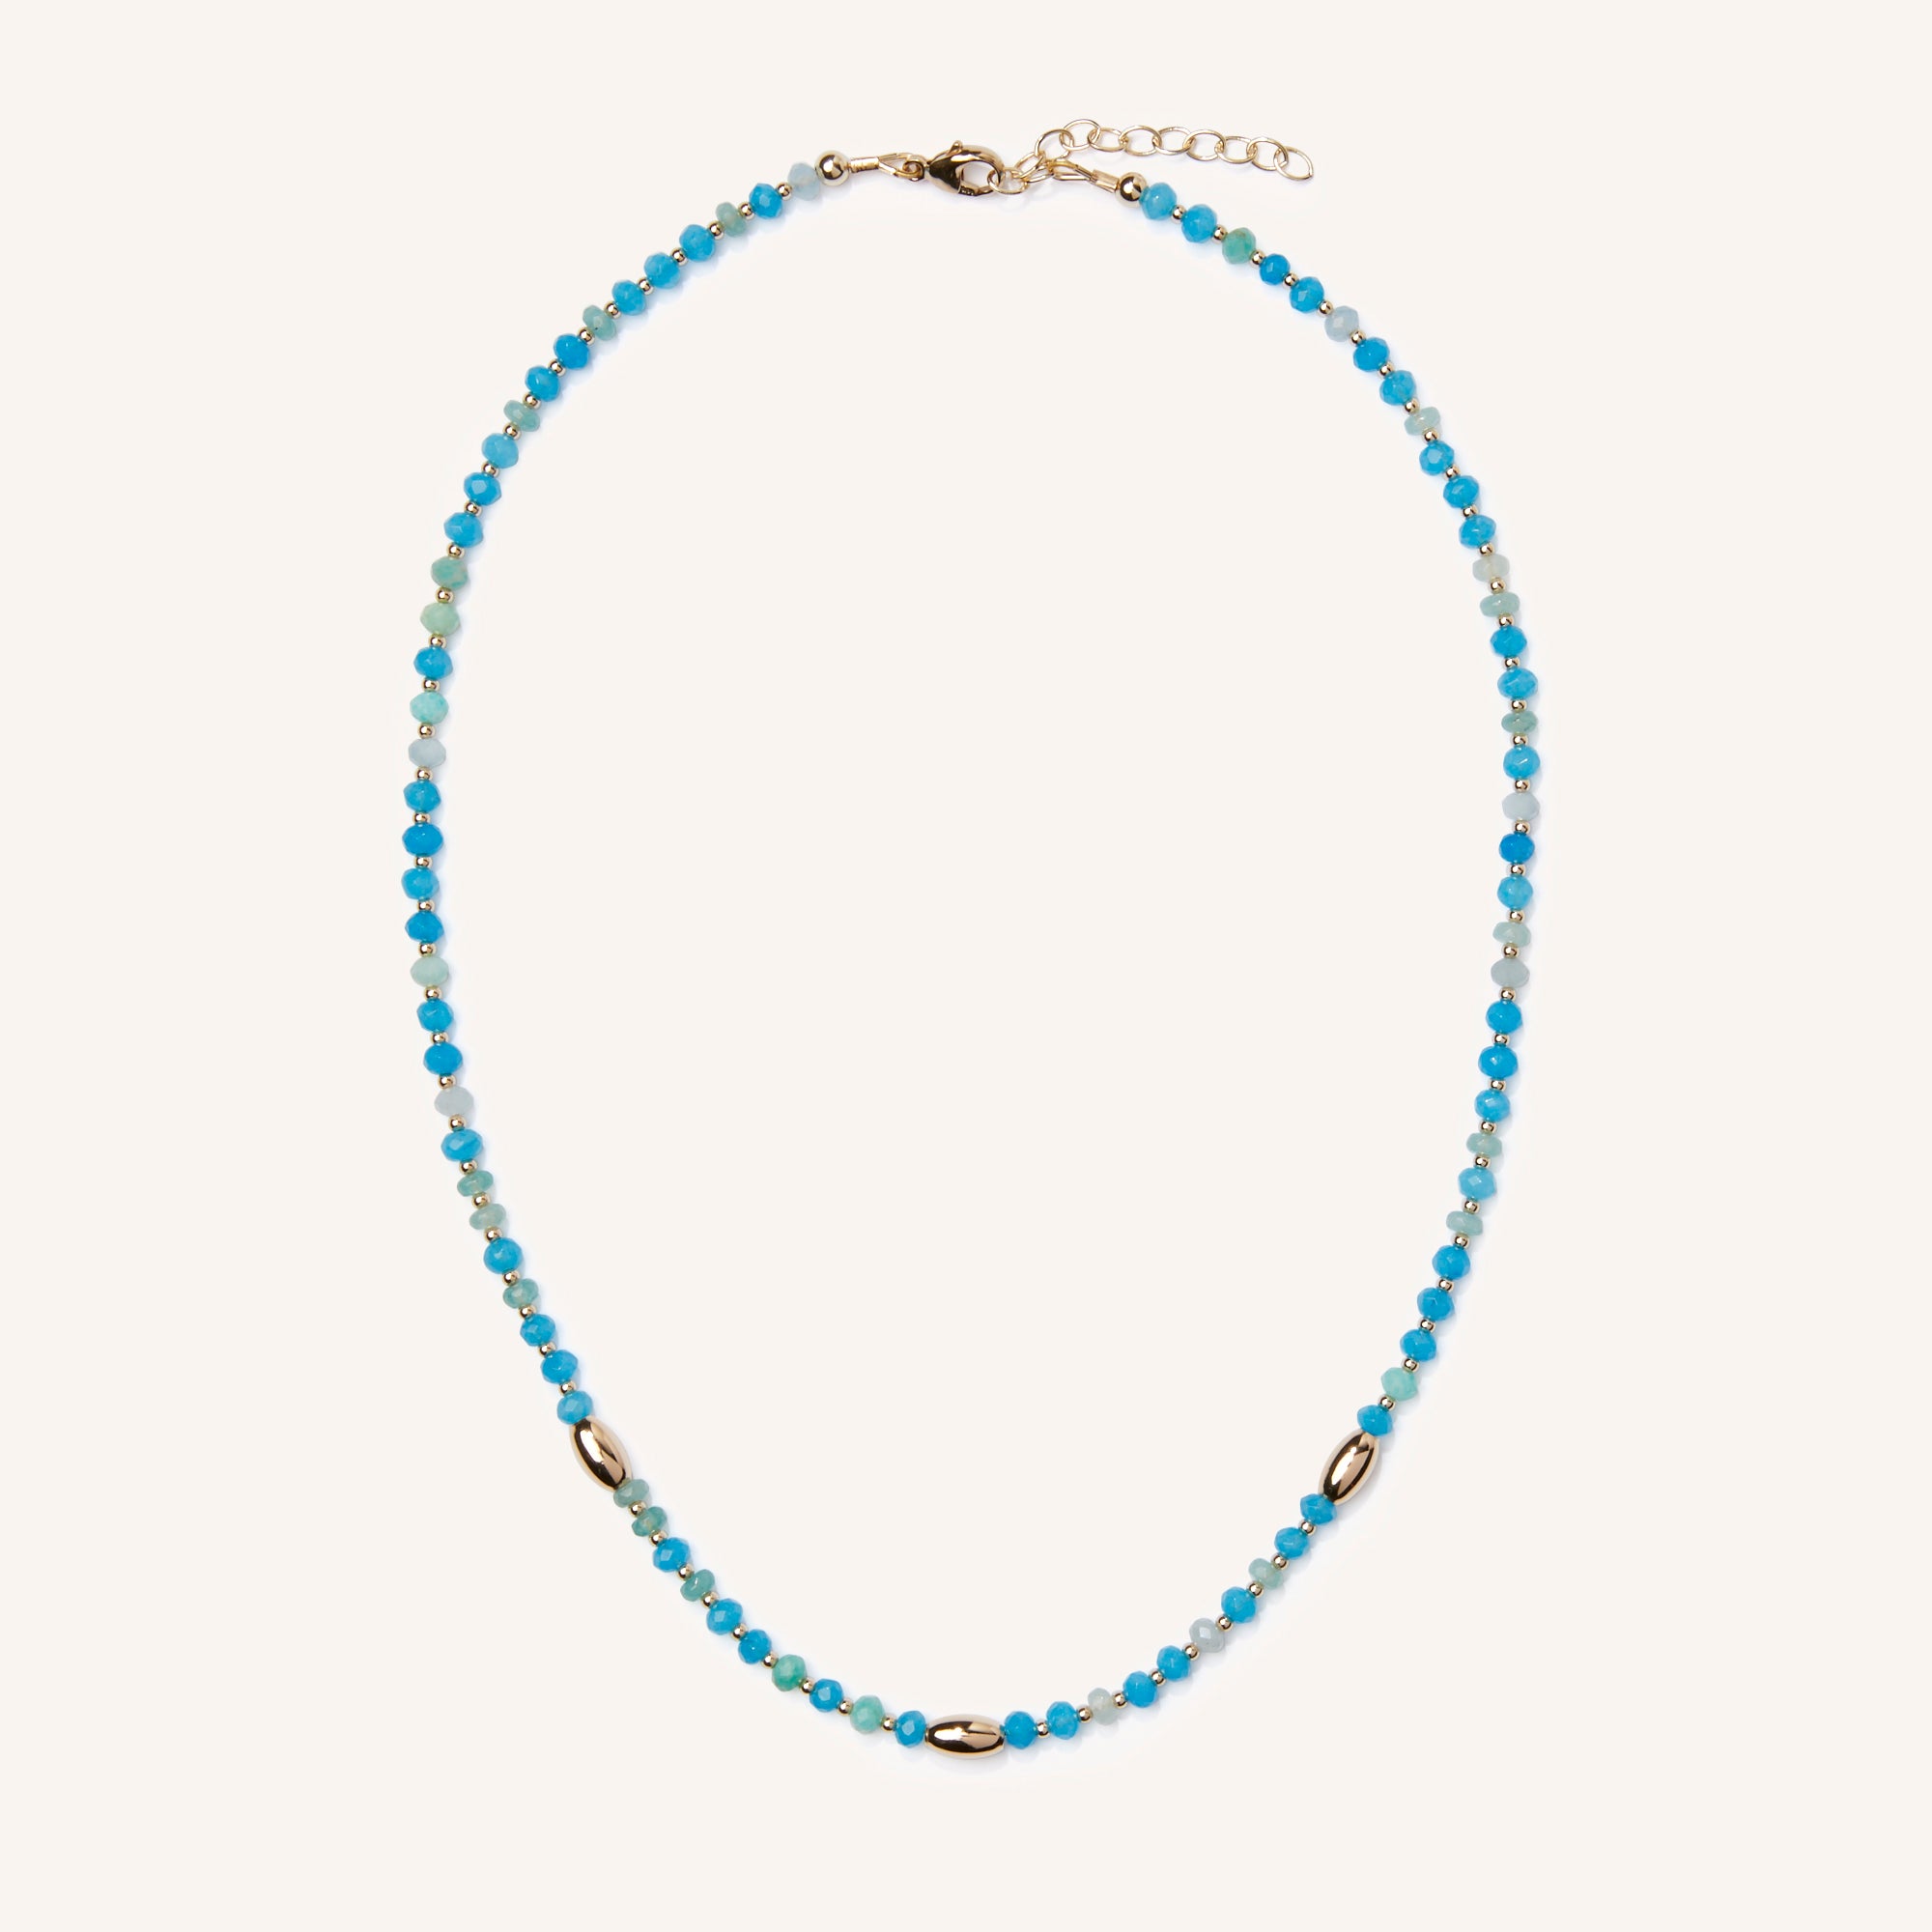 Isla necklace featuring amazonite, aquamarine and quartz stones
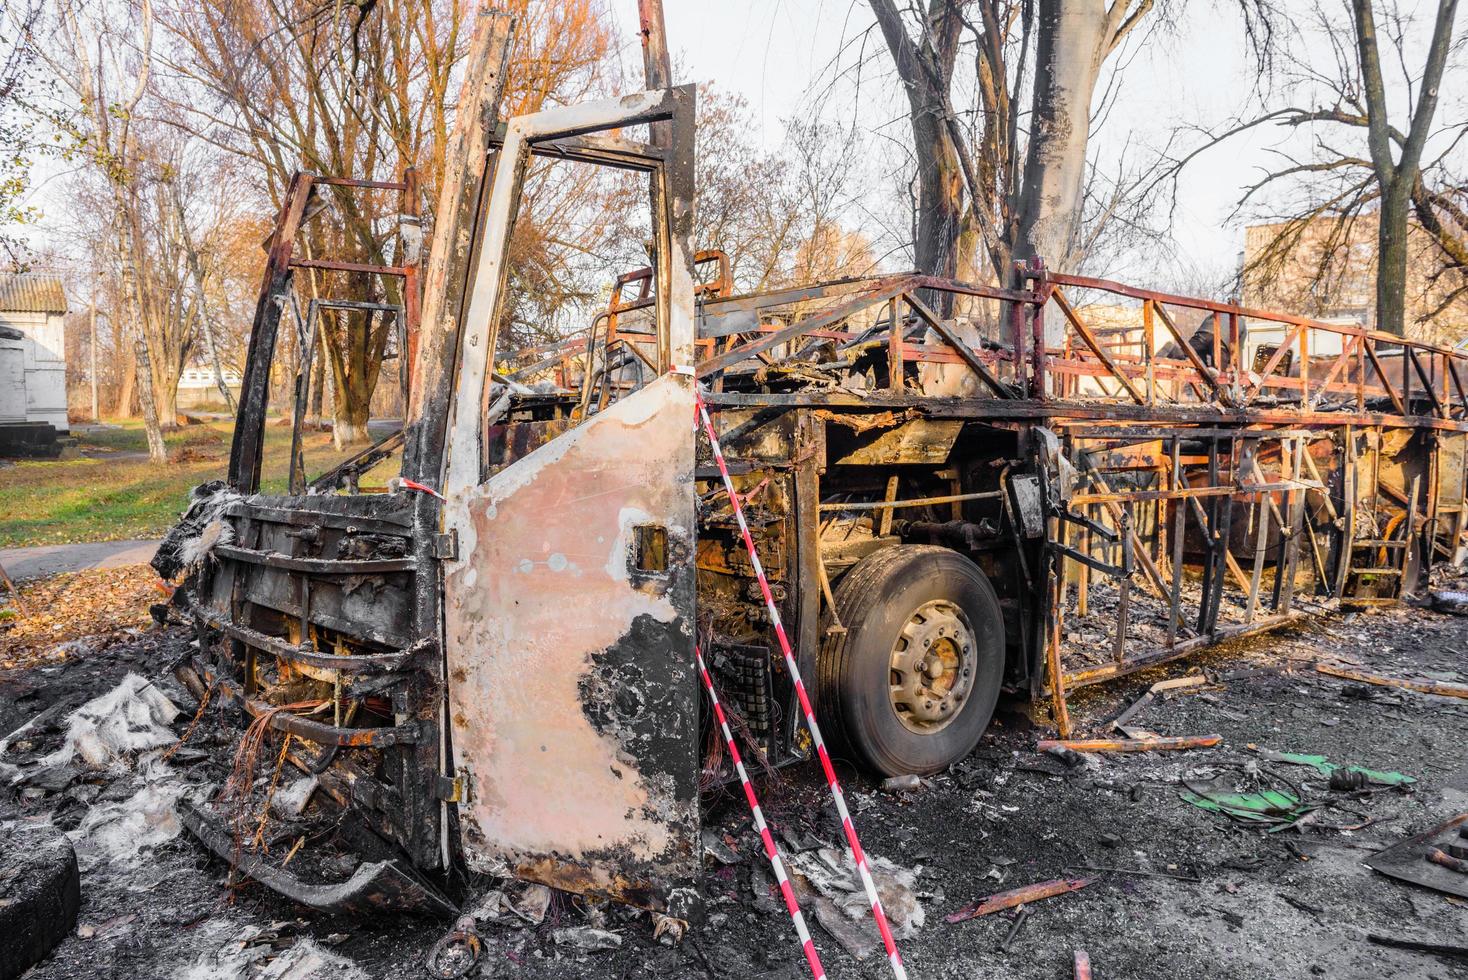 verbrande bus wordt op straat gezien nadat hij tijdens het reizen in brand is gevlogen, na brand foto
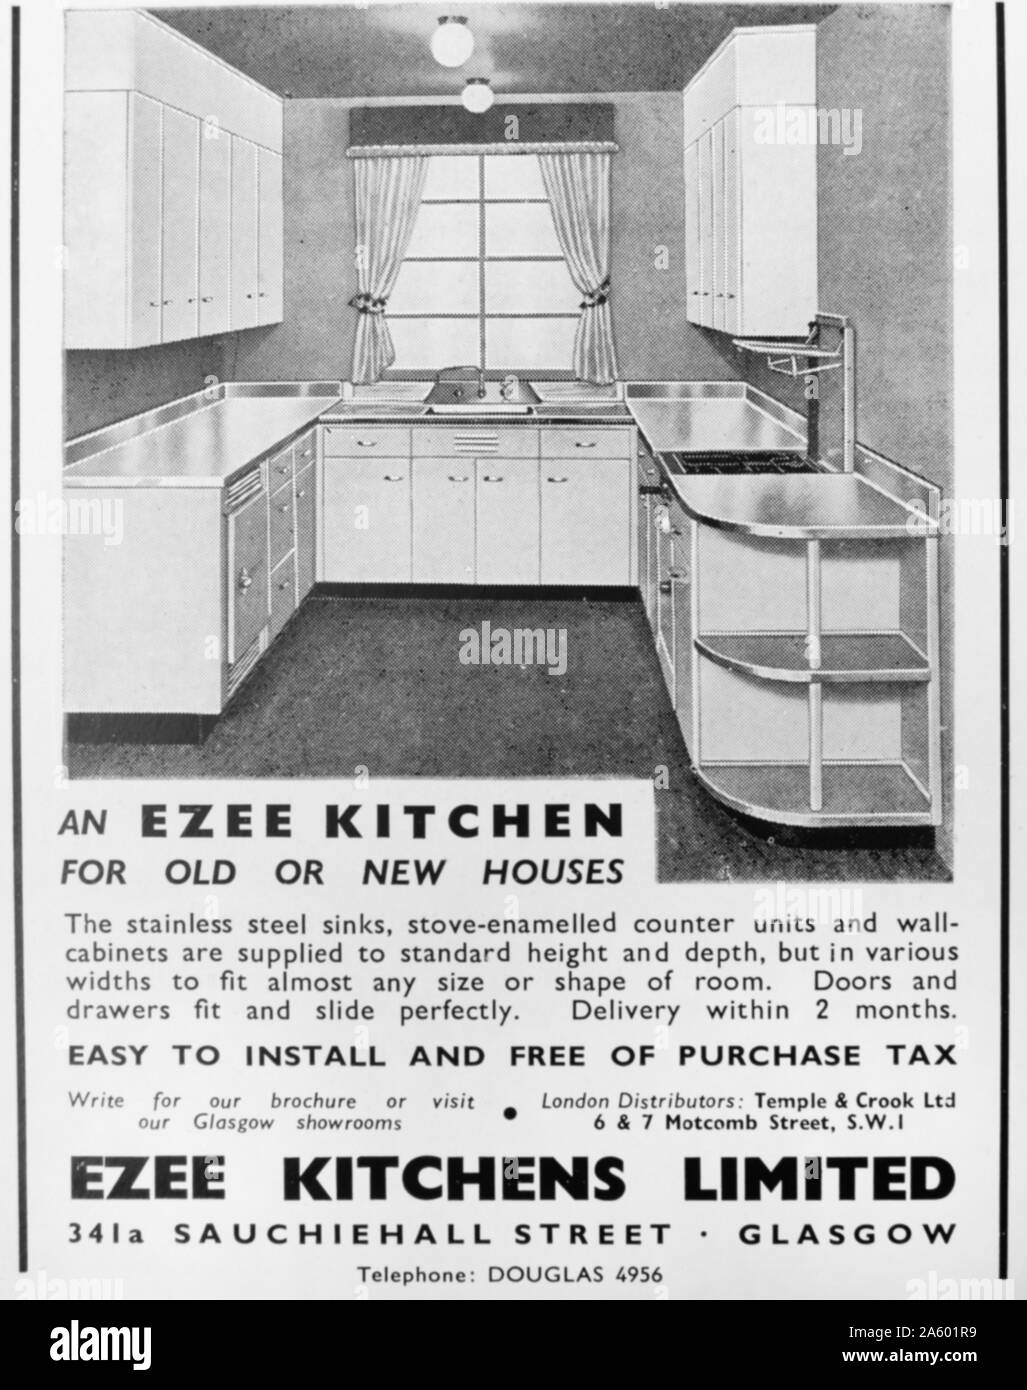 Advert for an 'Ezee Kitchen' from Ezee Kitchens Ltd. Glasgow Stock Photo
════════
[INSTRUCTIONS FOR THE TASK]
Every line of the material must be reproduced verbatim; the pictures are to be omitted.

[REPLY TO THE EXERCISE]
 Isla necklace featuring amazonite, aquamarine and quartz stones
 verbrande bus wordt op straat gezien nadat hij tijdens het reizen in brand is gevlogen, na brand foto
 Advert for an 'Ezee Kitchen' from Ezee Kitchens Ltd. Glasgow Stock Photo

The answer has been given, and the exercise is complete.